The main way of interacting with the APIC (controller element of Cisco ACI) is via its Rest API. In fact the out of the box web GUI is built on top of it.

This makes automation and programming the controller much easier than our traditional methods of configuring individual elements and devices via SSH and the CLI (the human API).

One great way to automate is with UCS Director (or another automation solution if you want to do the integration yourself). It is however not the only way you can automate, you could create a number of scripts.

To make life easier someone has created a number of Python libraries, called acitoolkit, for interacting with the API. Some great examples exist that you and try in the GitHub location.

Its based on Python 2.7, although I did see someone looking to merge back into the master updates that would allow support for Python 3 as well (I will probably start updating my scripts when its committed).

In my lab the ACI fabrics I have don’t always have certificates, incorrect self-sign certs or no FQDN which results in errors being returned.

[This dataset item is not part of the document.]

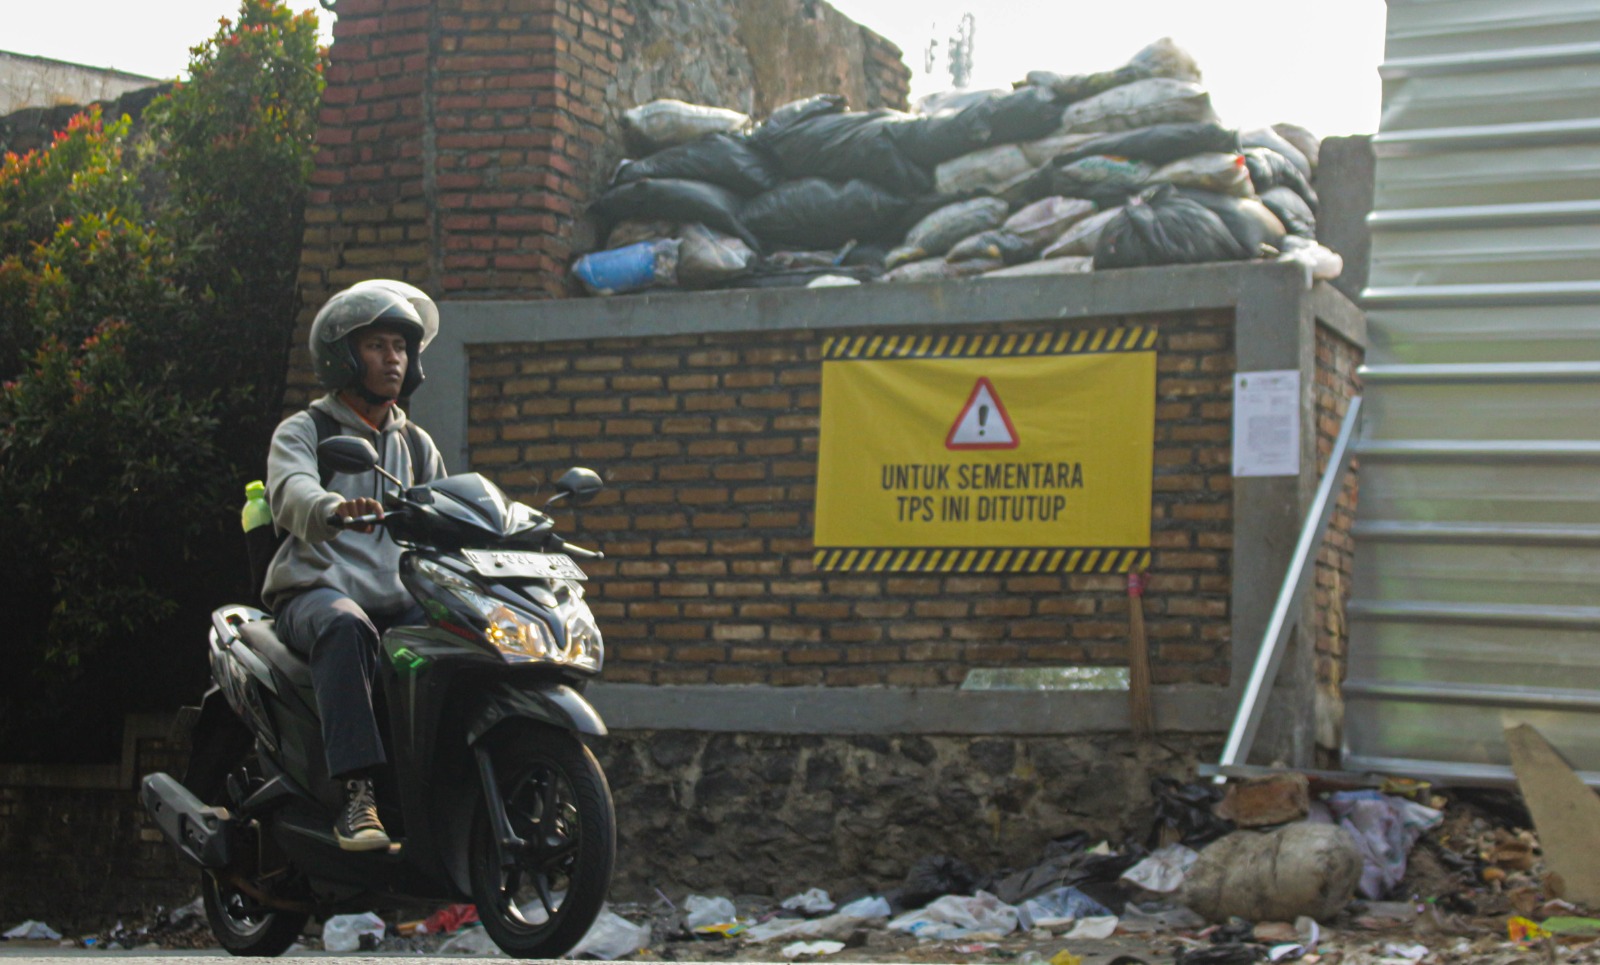 Terjadi penumpukan sampah di salah satu TPS sementara, di Kota Bandung. (Pandu/Jabarekspres)
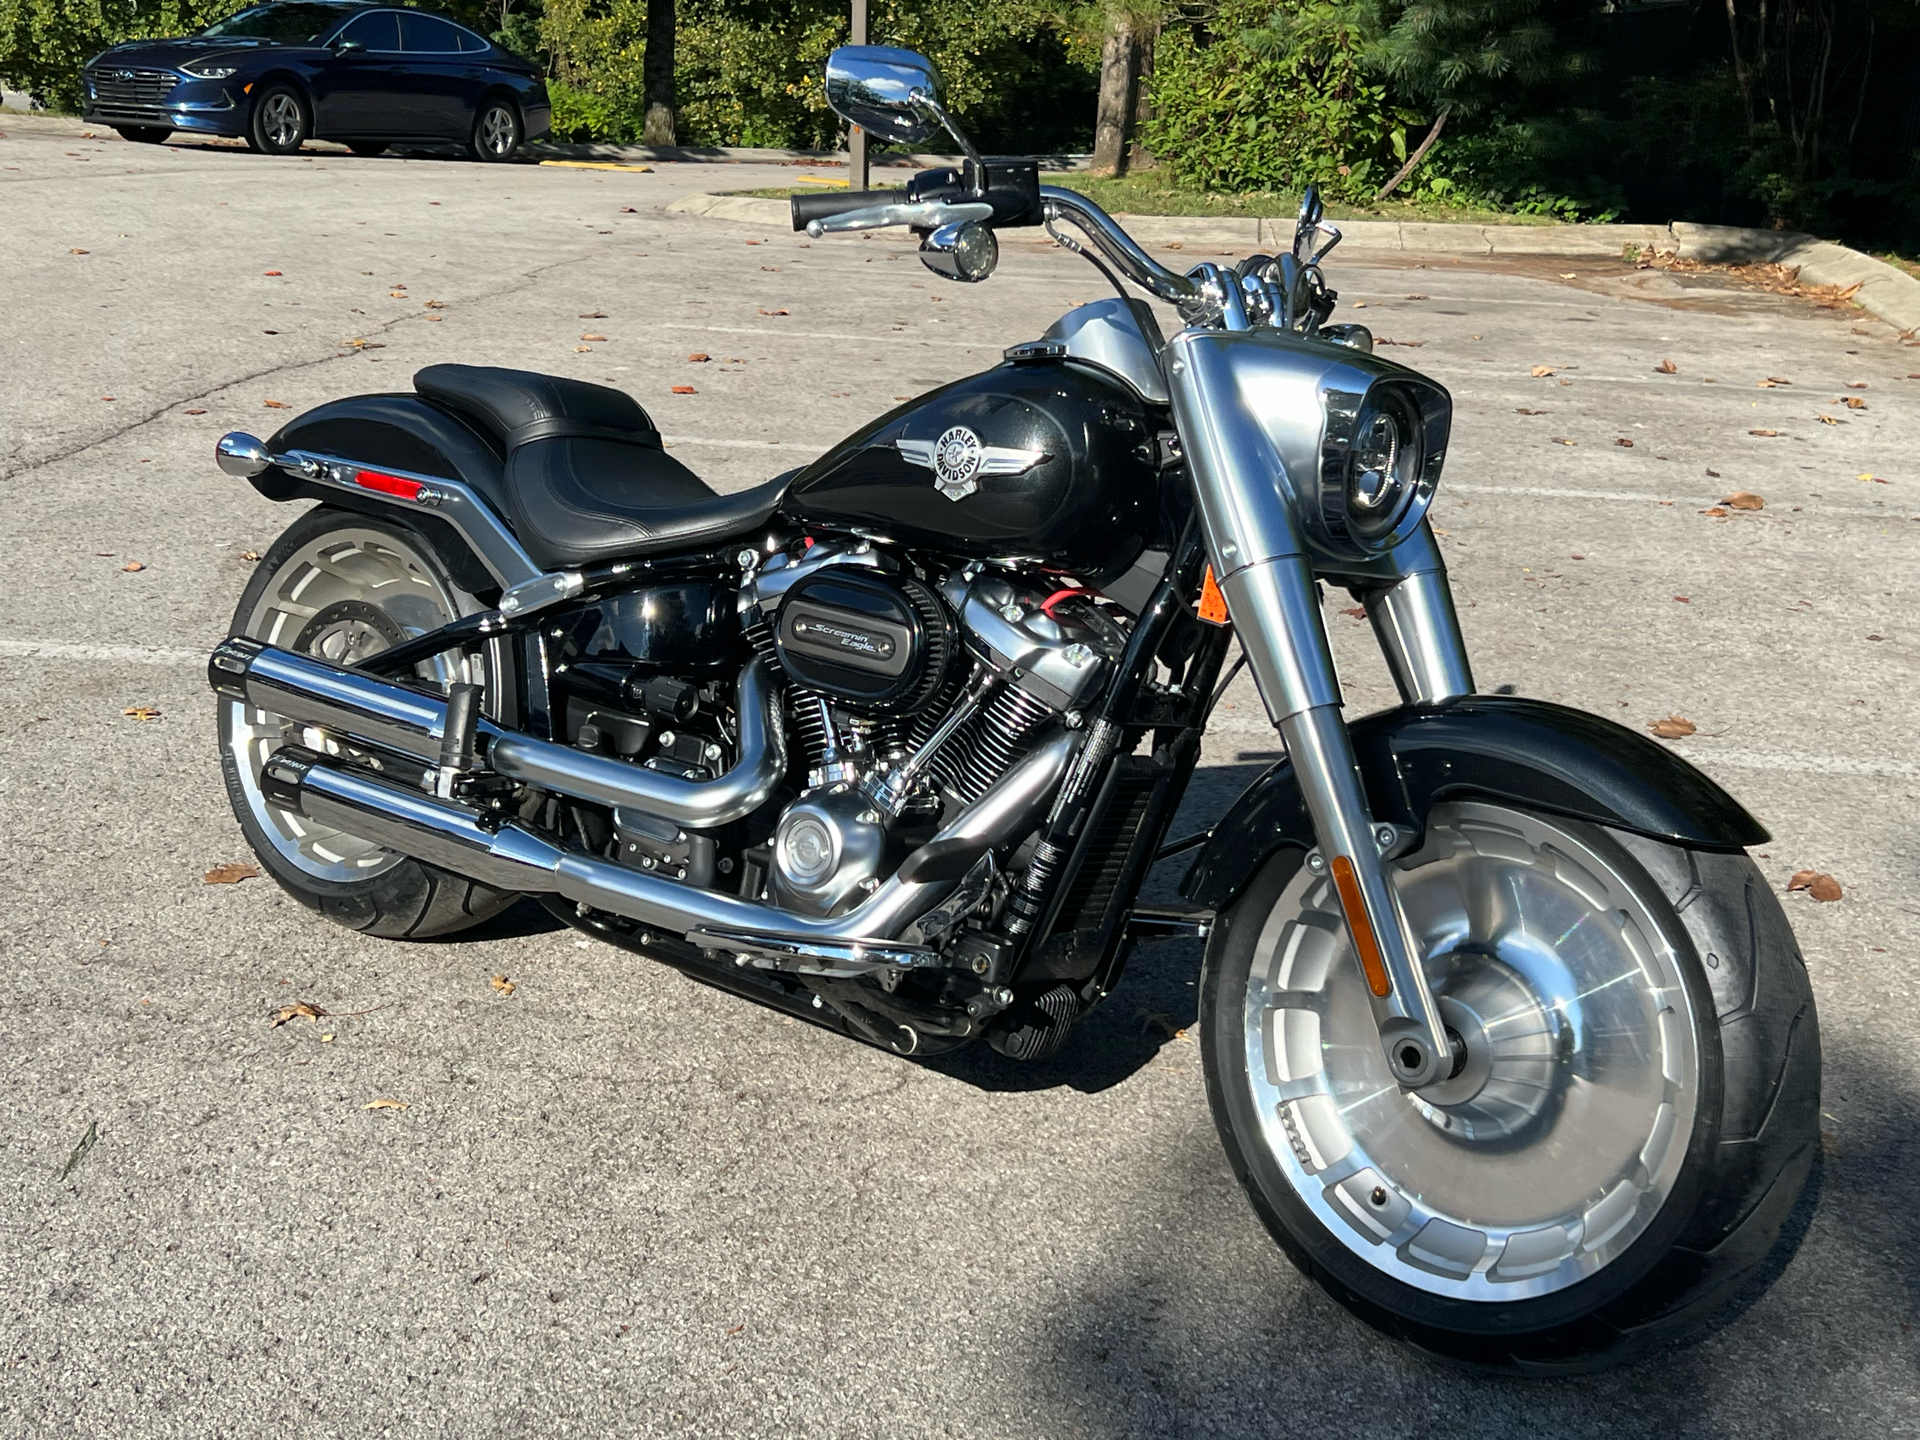 2018 Harley-Davidson Fat Boy® 114 in Franklin, Tennessee - Photo 5

/Library/Python/2.7/site-packages/requests-2.5.0-py2.7.egg/requests/packages/urllib3/connectionpool.py:734: InsecureRequestWarning: Unverified HTTPS request is being made. Adding certificate verification is strongly advised. See: https://urllib3.readthedocs.org/en/latest/security.html
	  InsecureRequestWarning)  

When people use example scripts to show what’s possible its not always ideal for the errors to be displayed to the screen every time (and in some cases you can get 10s of them). A common question I see is can you fix it or hide the message. In the lab its not always easy to fix the root cause especially when its a moving goal post.

The good news is its relatively easy to stop the messages being presented to the user. Try adding the following lines to you script;

import requests
requests.packages.urllib3.disable_warnings()

NOTE: If you are looking to deploy in a production environment I would strongly recommend fixing the root of the problem rather than covering your eyes.